Another reason Shrine keeps promotion outside of a DB transaction is to make backgrounding easily pluggable. If you want to delay promotion into a background job, the background job needs to be spawned after the transaction commits. Otherwise it can happen that the background job starts up really early and cannot yet find the record in the DB, because the transaction inside which the records was created hasn't been committed yet. Having promotion triggered outside of the transaction allows the backgrounding plugin to simply override the Attacher#_promote method and spawn a background job instead.

While promotion is outside of the transaction that saves the model initially, I think it should never be triggered if the transaction was aborted. @mcelicalderon , are you saying you're seeing promotion happen even if the transaction was aborted? If so, that could be a bug or mis-design?

As I understand it, one of the main reasons to do it outside of the initial transaction, is to make sure it is done only when the transaction actually succeeds/is committed. If you were doing it inside the transaction, you could 'promote' the file to the 'store' location, then the transaction could be aborted, then the 'orphaned' file in store location would still be there, not actually pointed to by any db records.

But you seem to be seeing something different? I'm a bit confused what's going on.

Another thing to be clear about is that a file is written to the cache location on assignment even before save. So it will be there in cache location, even if the transaction was aborted (or even if the model was never saved). But the file should never be in store location unless the model was saved and the transaction was committed.

On the one hand you say:

So transaction is already commited when it tries to generate and upload versions.

That is expected.

but then you also suggest you are seeing things you don't expect even if a transaction is aborted. That part is confusing me a bit, and your reproduction example isn't clarifying it for me.

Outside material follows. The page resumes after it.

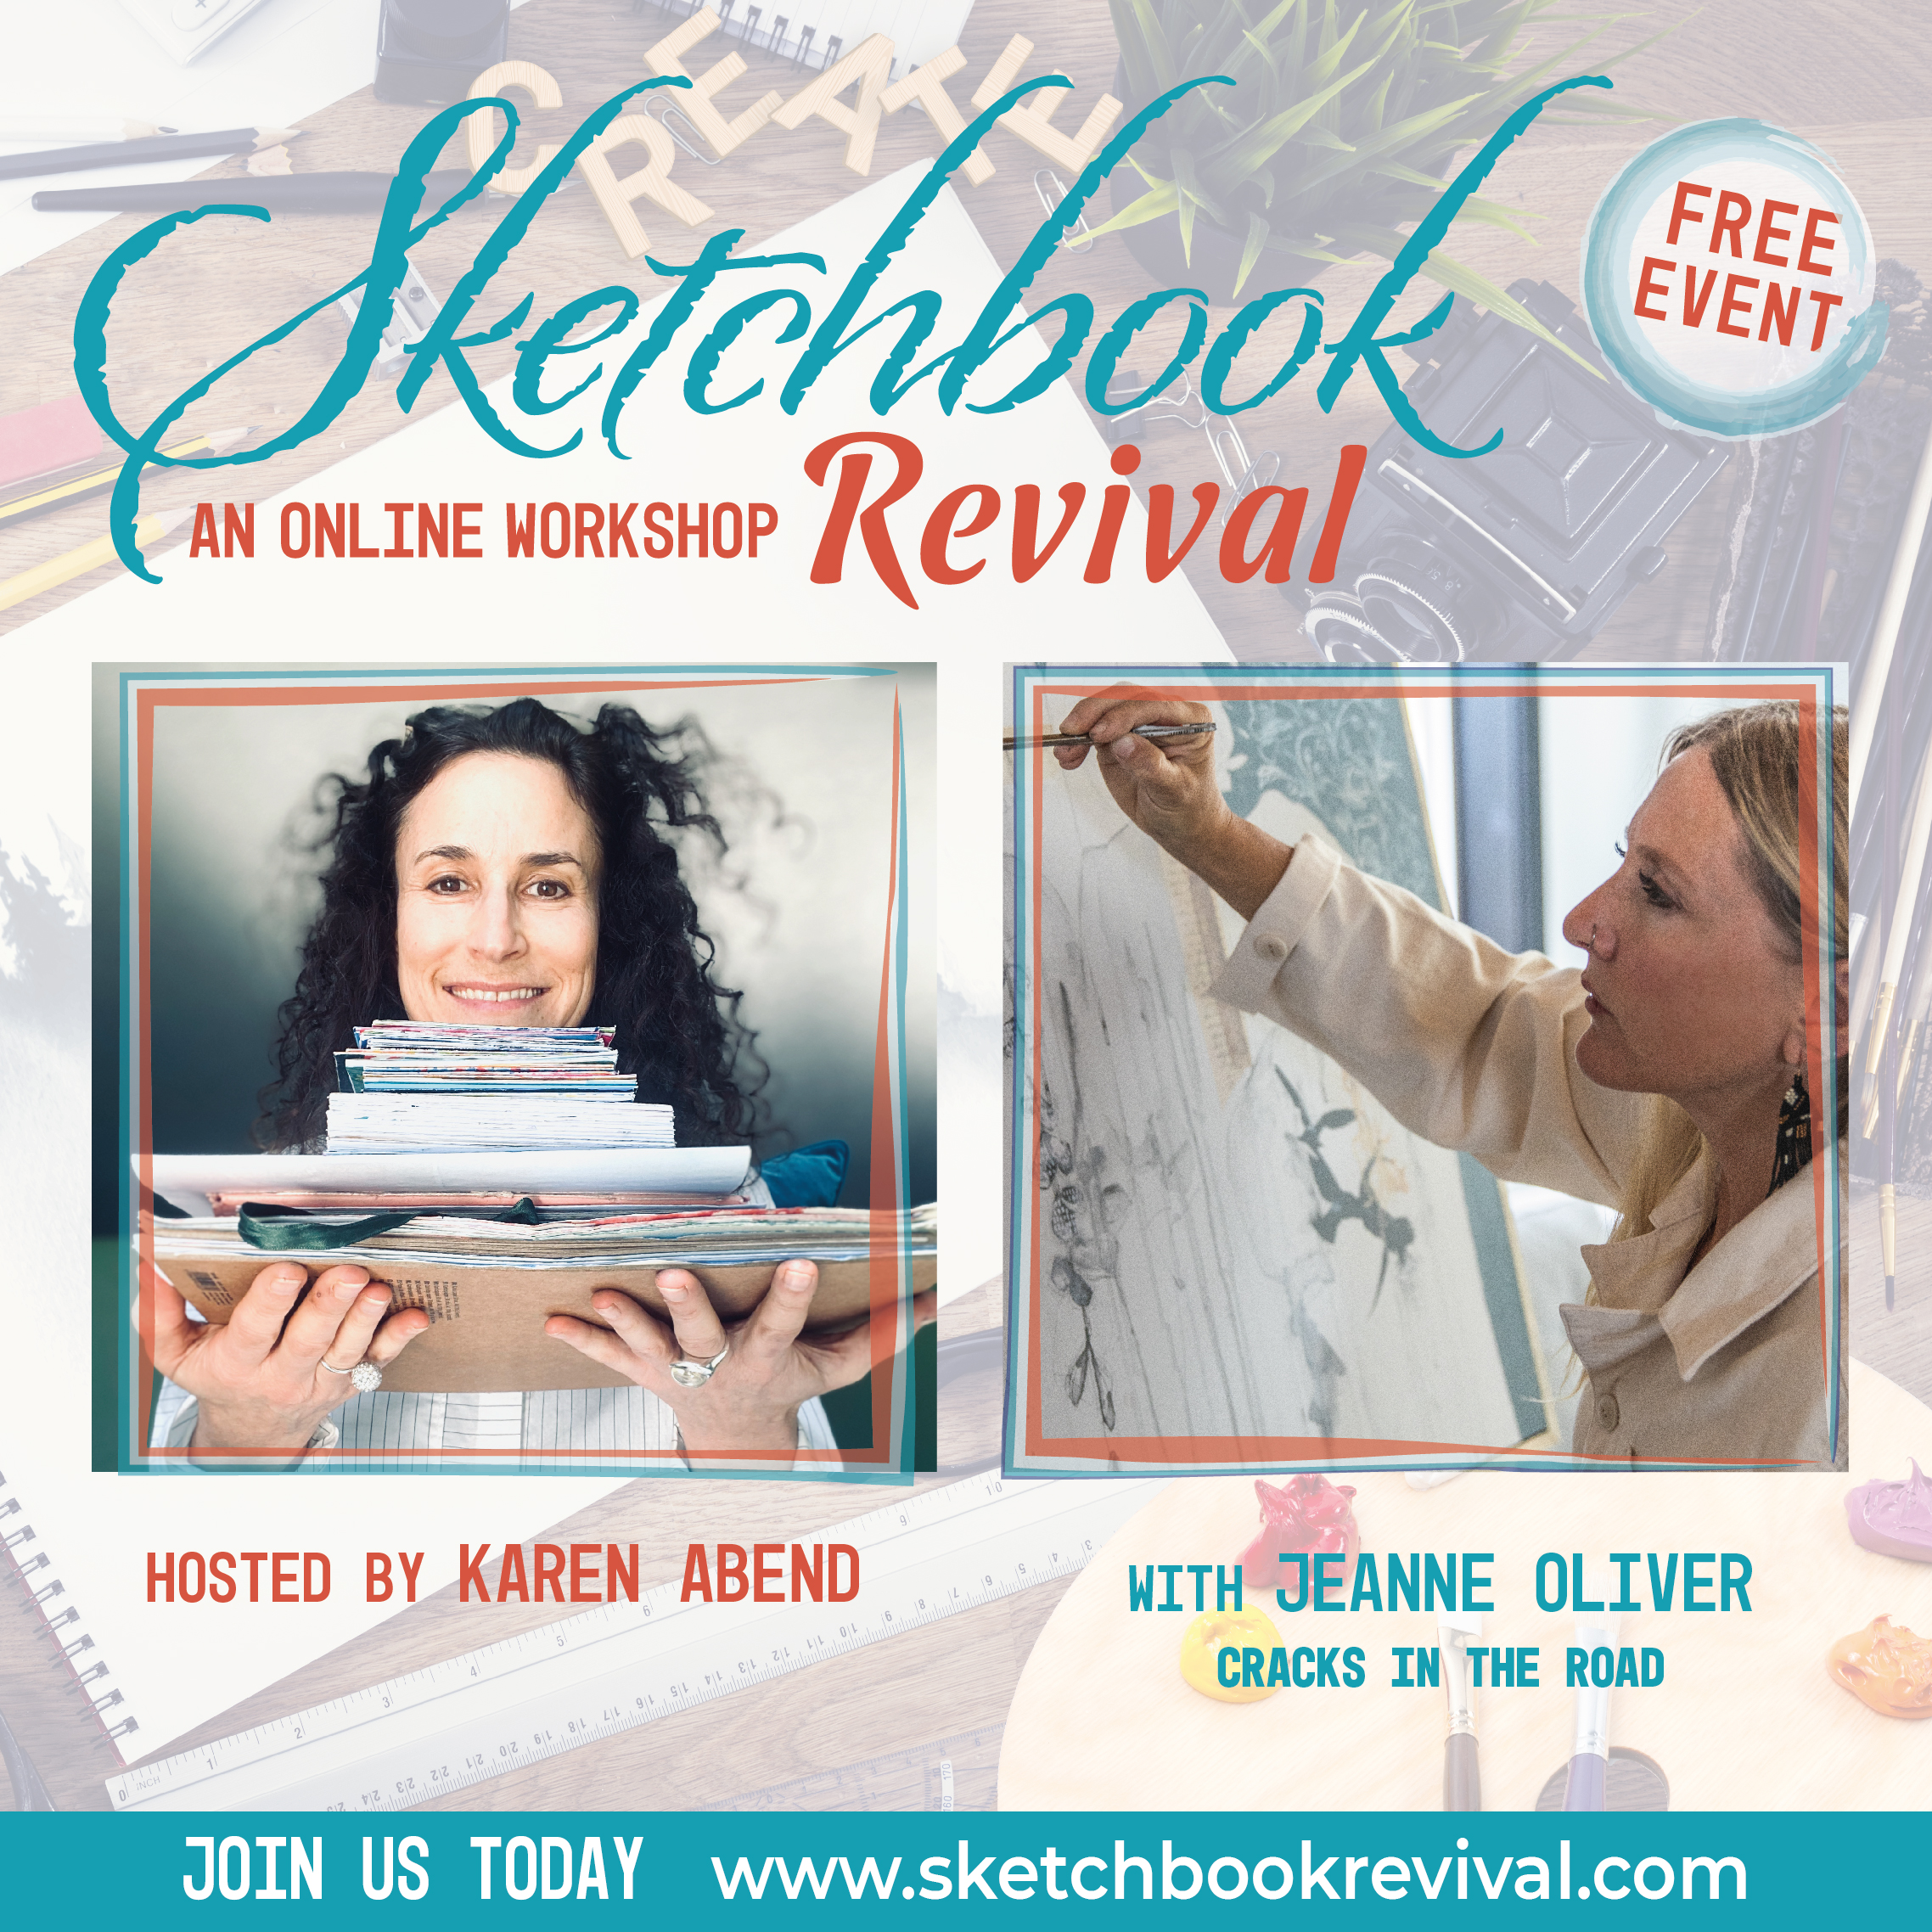 Sketchbook Revival 2021 | This Free Workshop Begins Tomorrow!

Ah wait, I think I understand -- you expect your raise in process(:store) to be able to abort the transaction? Yeah, that can't happen. Because instead, the design is ensuring that process(:store) can only happen if the original transaction was committed. Instead of allowing "promotion" to abort the original transaction, the design ensures that promotion will never be triggered from an aborted transaction. I don't think it's possible to do both, and shrine chooses the latter, to be able to ensure that there will never be "orphaned" files in the store storage.

If transaction is rolled back, no trace of it should remain on the DB.

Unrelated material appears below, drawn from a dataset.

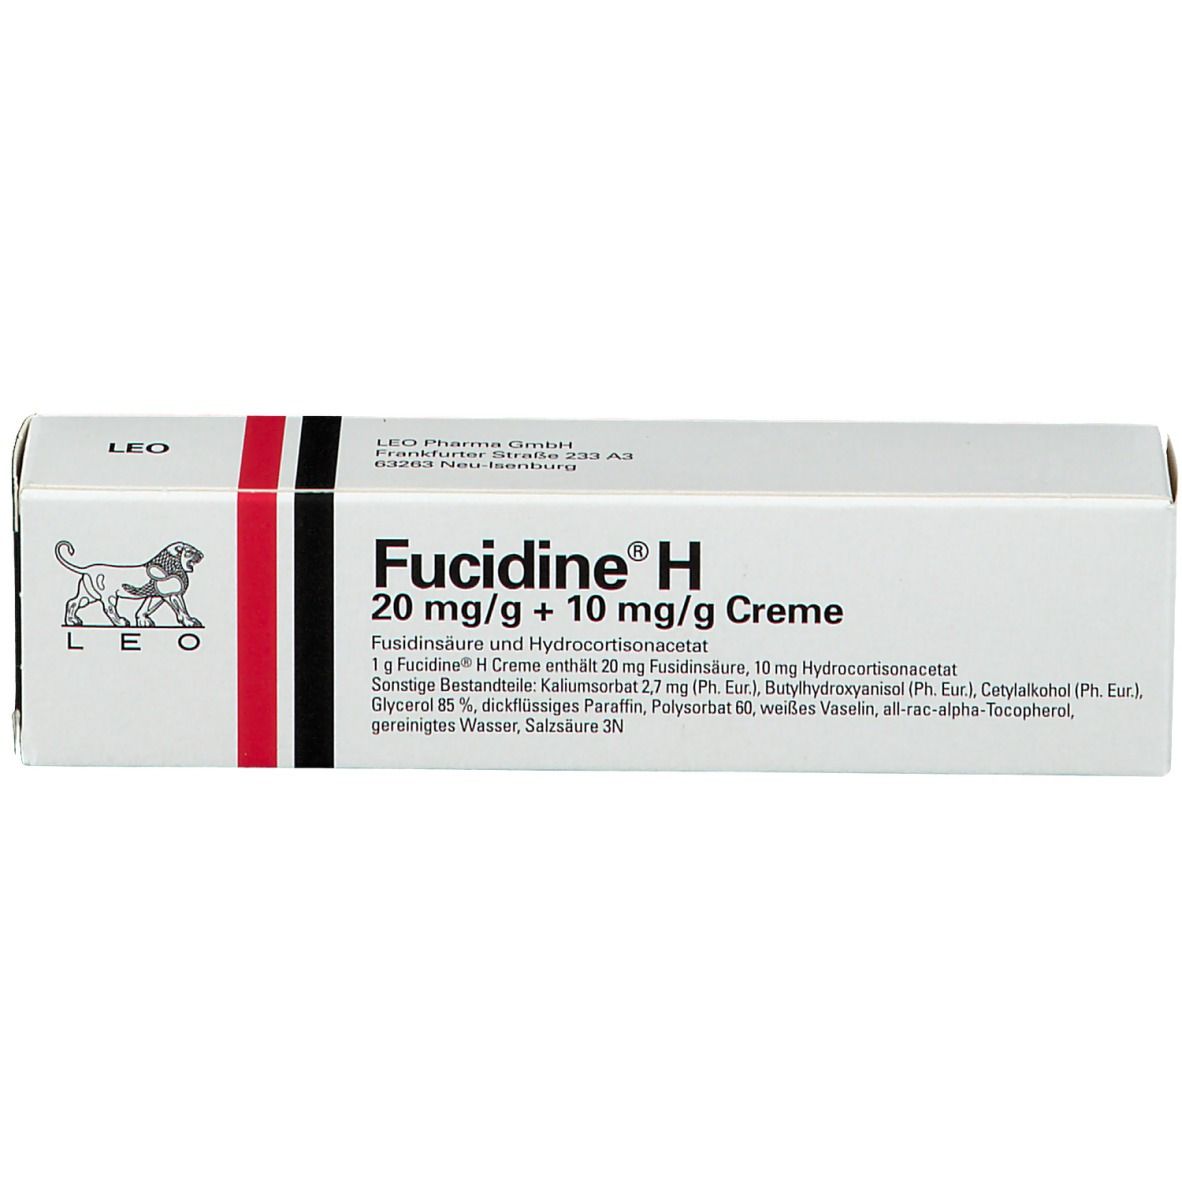 Fucidine® H 20 mg/g + 10 mg/g Creme

That is quite true. It's just that your example code wasn't aborting the transaction.

I think you have a use case though, that we should probably help you figure out how to accomplish. Without talking about how it relates to transactions necessarily, what are you actually trying to do? Based on what condition, you want what to happen? This stuff gets so confusing to talk about because it can be so abstract, if you can give us your very specific use case, like what actual condition you want to trigger on, to do what, it might be easier to talk about.

Of course it couldn't be that simple, I completely overlooked other plugins. So, I see what you guys are saying. My workaround is working for now anyway, as I force versions to be processed and uploaded before committing the transaction just in case something goes wrong (should be common as file processing has many ways to fail). I do have to be careful with orphan files in store because of that, but exceptions might raise during processing and not after that in my scenario.

Anyway, if not simple, there might still be a way to handle this, some way to opt-in a different way to process files if the scenario requires entity creation to be fully atomic. Perhaps another plugin which saves the state (maybe even in the DB's JSON field) of the attached field if the entity already existed on the DB so it can be rolled back in case the after_commit callback fails and even delete that instance from the DB if it was a new one (even if backgrounding). Just an idea, of course it would require a lot of extra considerations, I'll try to explore this idea further.

So, just to be clear on the scenario I'm facing @jrochkind , my main problem is particularly with the versions plugin, as I expect a model's field never to exist without versions, so if for some reason version processing and creation fails the error should be thrown and no trace of the record should remain. Or if I update the record that lets say already had versions, if the new file I upload fails during processing, it will leave the previously correct entity (with versions) in an invalid state where using the code example, calling post.image should always return a hash instead of an uploader as it happens when promotion from cache to store fails for some reason.

Another alternative might be to do processing of the versions on cache, so promoting the files would just require thee files to be moved from cache to store, like this

class MyUploader < Shrine
  process(:cache) do |io, _context|
    { original: io }
  end
end

And this actually just worked, the only problem I'm getting here is with the validation plugin, as it doesn't expect a hash here. But removing the validations just works, and like that I could do processing even before thinking about touching the DB. For validation, perhaps the uploaded file could be checked before the file is moved into the cache storage where the processing would be happening? Not sure about that.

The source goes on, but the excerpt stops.